Tropical peatlands constitute ~11% of global peatland area and ~12% of the global peat C pool. Malaysia alone contains 10% of tropical peats. Due to rising global demands for food and biofuels, SE-Asia peat swamp forest ecosystems are threatened by increasing amounts of drainage, fire and conversion to plantation. These processes can change the GHG emissions and thus net ecosystem C balance. However, in comparison to temperate and boreal peatlands, there is a lack of data on terrestrial-aquatic-atmospheric carbon transfer from tropical peatlands, both those that are little disturbed and those facing anthropogenic pressures. Lateral transport of soil-respired carbon, and fluvial respiration or UV-oxidation of terrestrial DOC primes atmospheric carbon dioxide efflux.

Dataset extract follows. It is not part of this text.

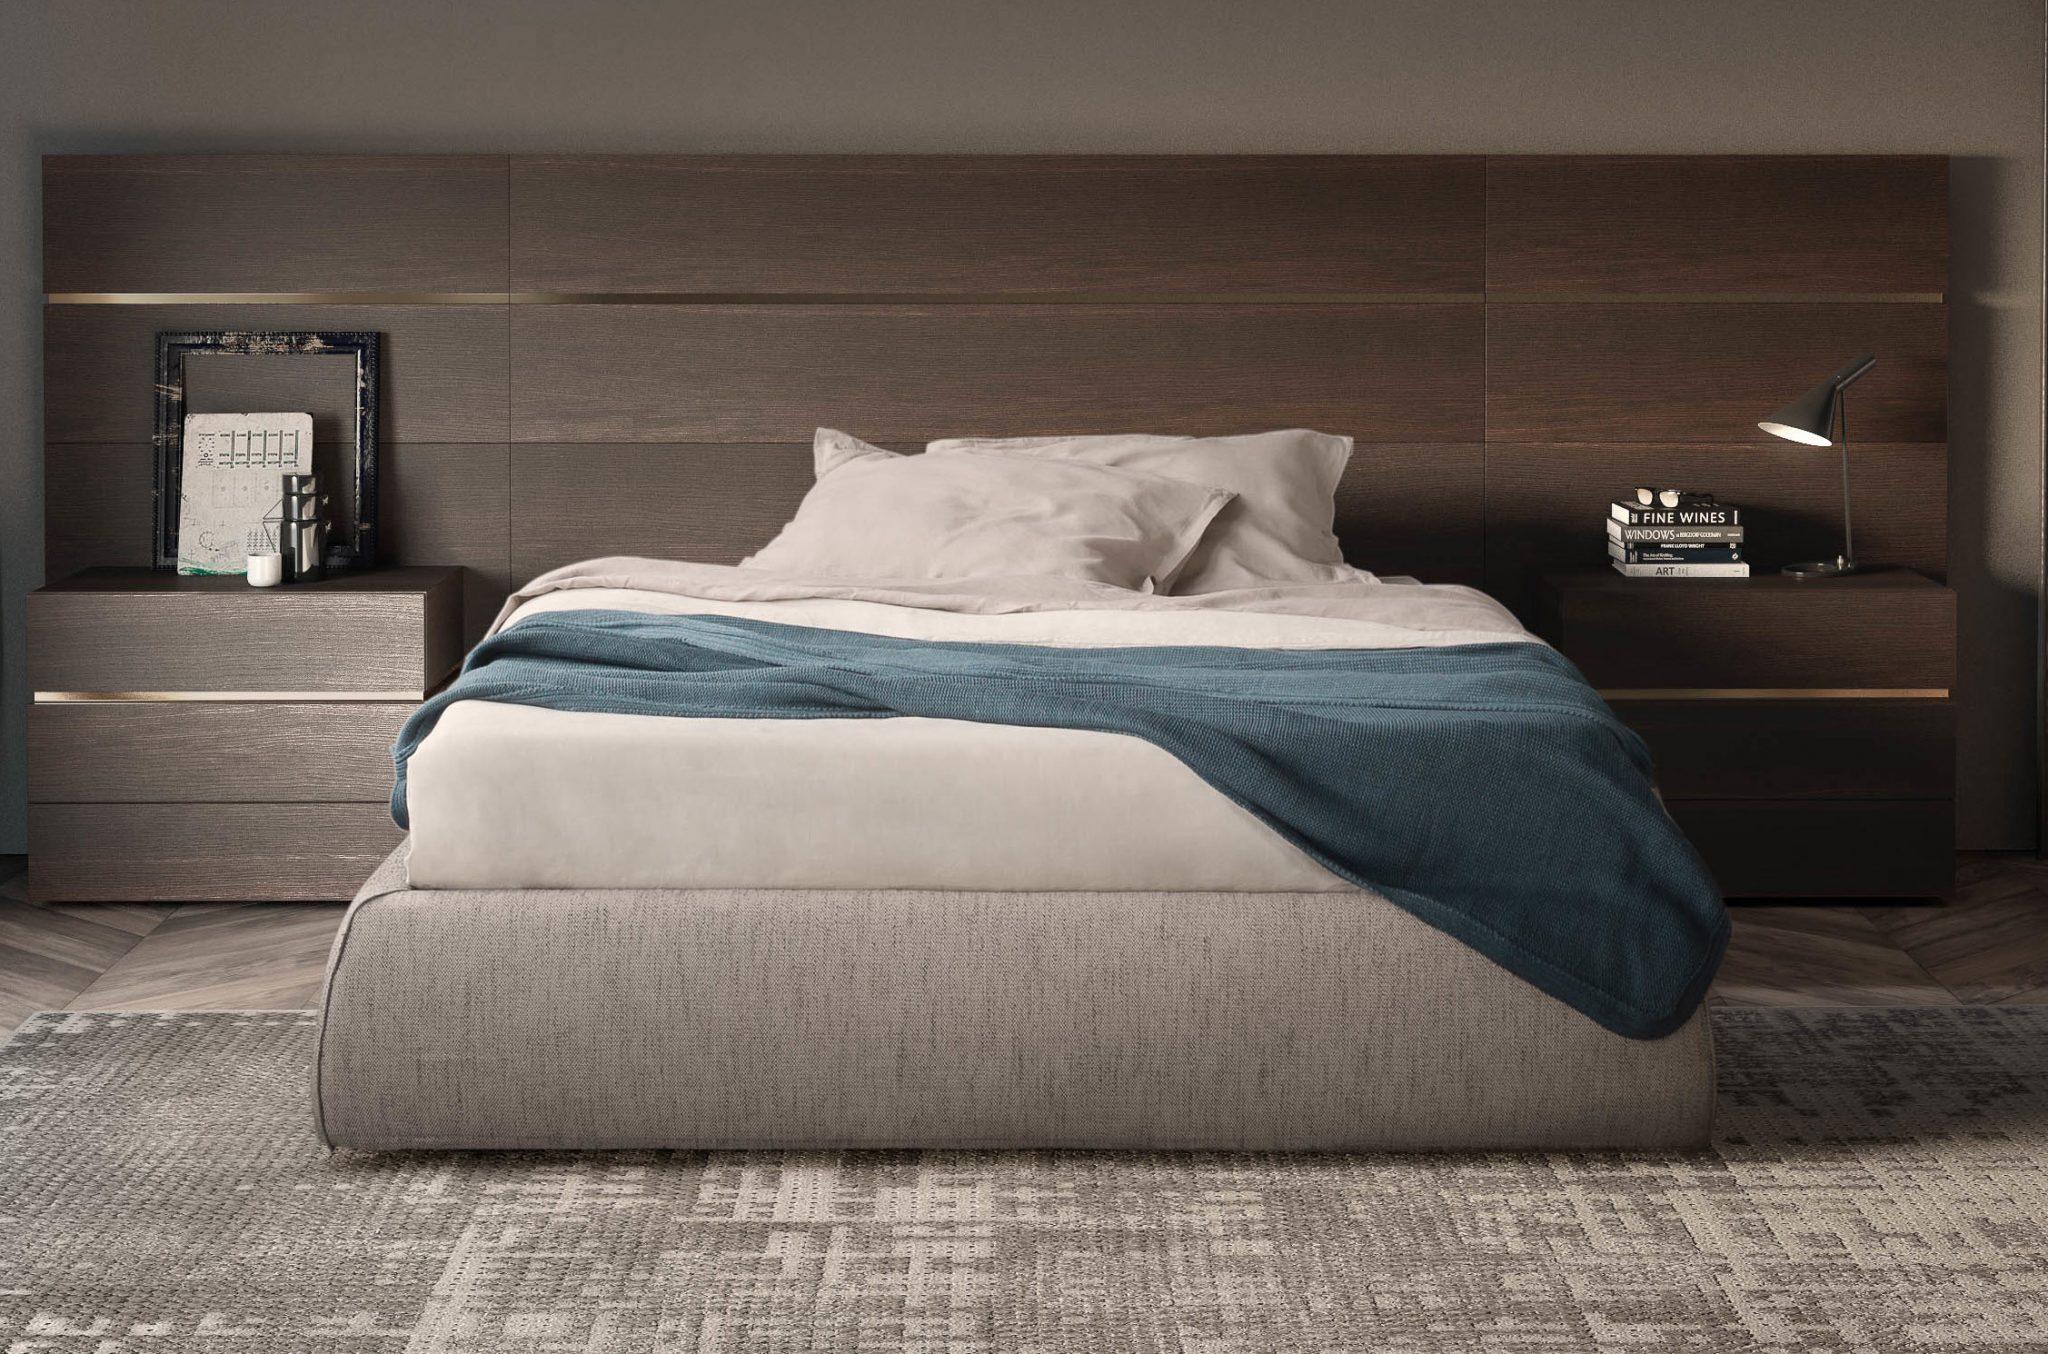 Man Made Bed 2048x1354
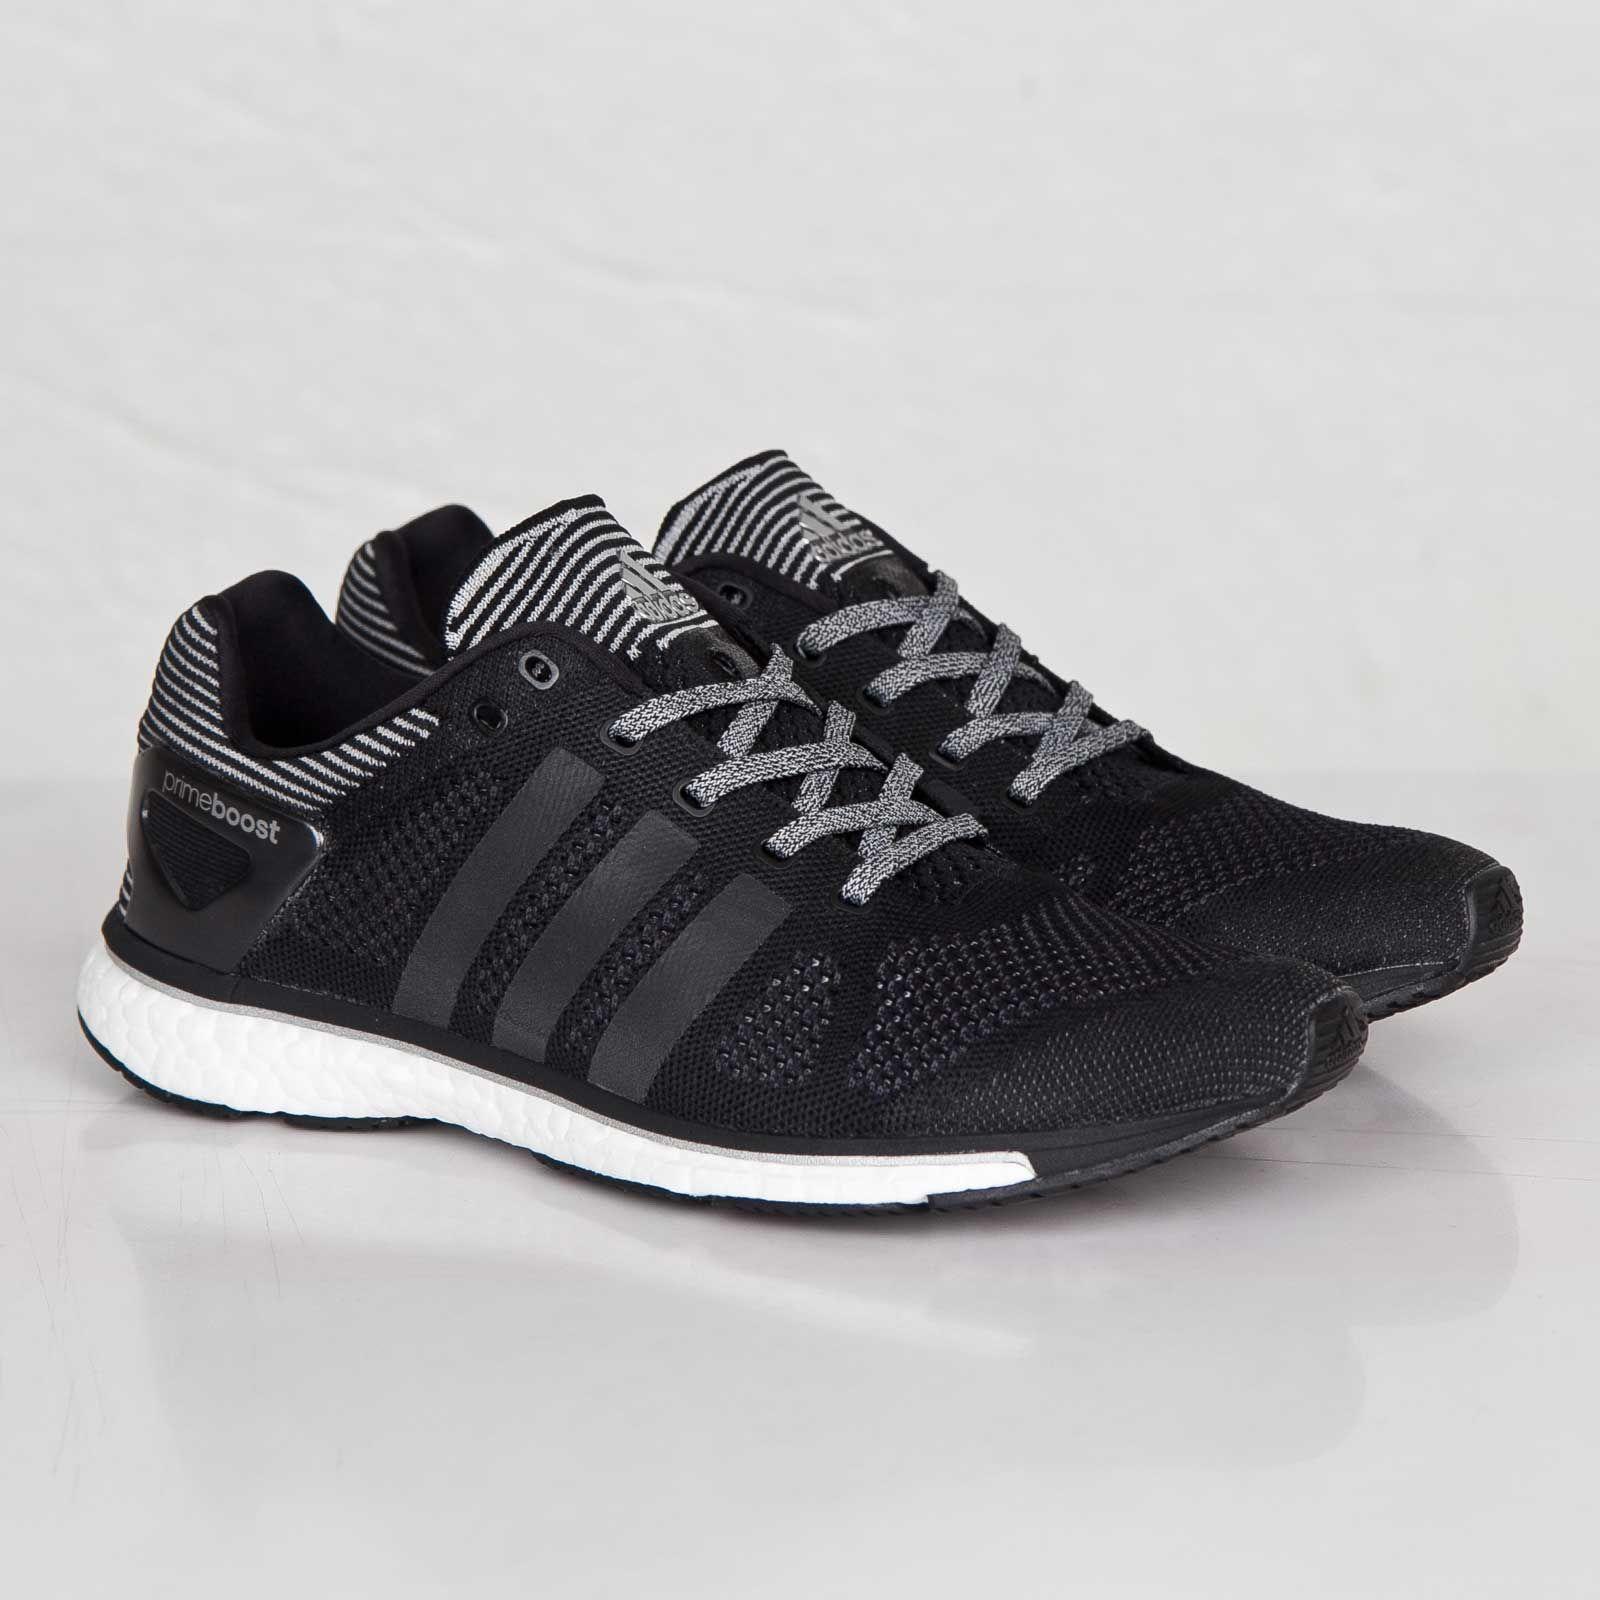 premium selection c0580 73585 Adidas Lifestyle Adizero Prime Lt Shoes Men Green White International Brand

We now know that DOC lost from disturbed tropical peat swamp forests can be centuries to millennia old and originates deep within the peat column - this carbon may fuel efflux of old carbon dioxide and so anthropogenic land-use change renders the older, slower carbon cycles shorter and faster. Currently we have no knowledge of how significant ';older-slower' terrestrial-aquatic-atmospheric cycles are in disturbed tropical peatlands. Further, in some areas for commercial reasons, or by conservation bodies trying to minimise peat habitat loss, logged peats have been left to regenerate. Consequently, unpicking the legacy of multiple land uses on magnitude, age and source of GHG emissions is challenging but required to support land management decisions and projections of response to a changing climate. Here, we present the results of our first field campaign in July 2013 to the Raja Musa and Sungai Karang Peat Swamp Forest Reserves in North Selangor, Malaysia. This is one of Malaysia's largest oceanic peat swamps, and has been selectively logged and drained for 80 years, but is now subject to a 30 year logging ban to aid forest regeneration and build up wood stocks. From sites subject to different land use, we will present measurements of i) spatial variation in fluvial carbon dioxide and methane concentrations and associated efflux rates, and ii) the stable carbon isotopic composition of DIC and novel determination of the age of the effluxed carbon dioxide. From this we can consider if younger-faster or older-slower carbon cycling dominates the terrestrial-aquatic-atmospheric C transfer during this dry period sampling.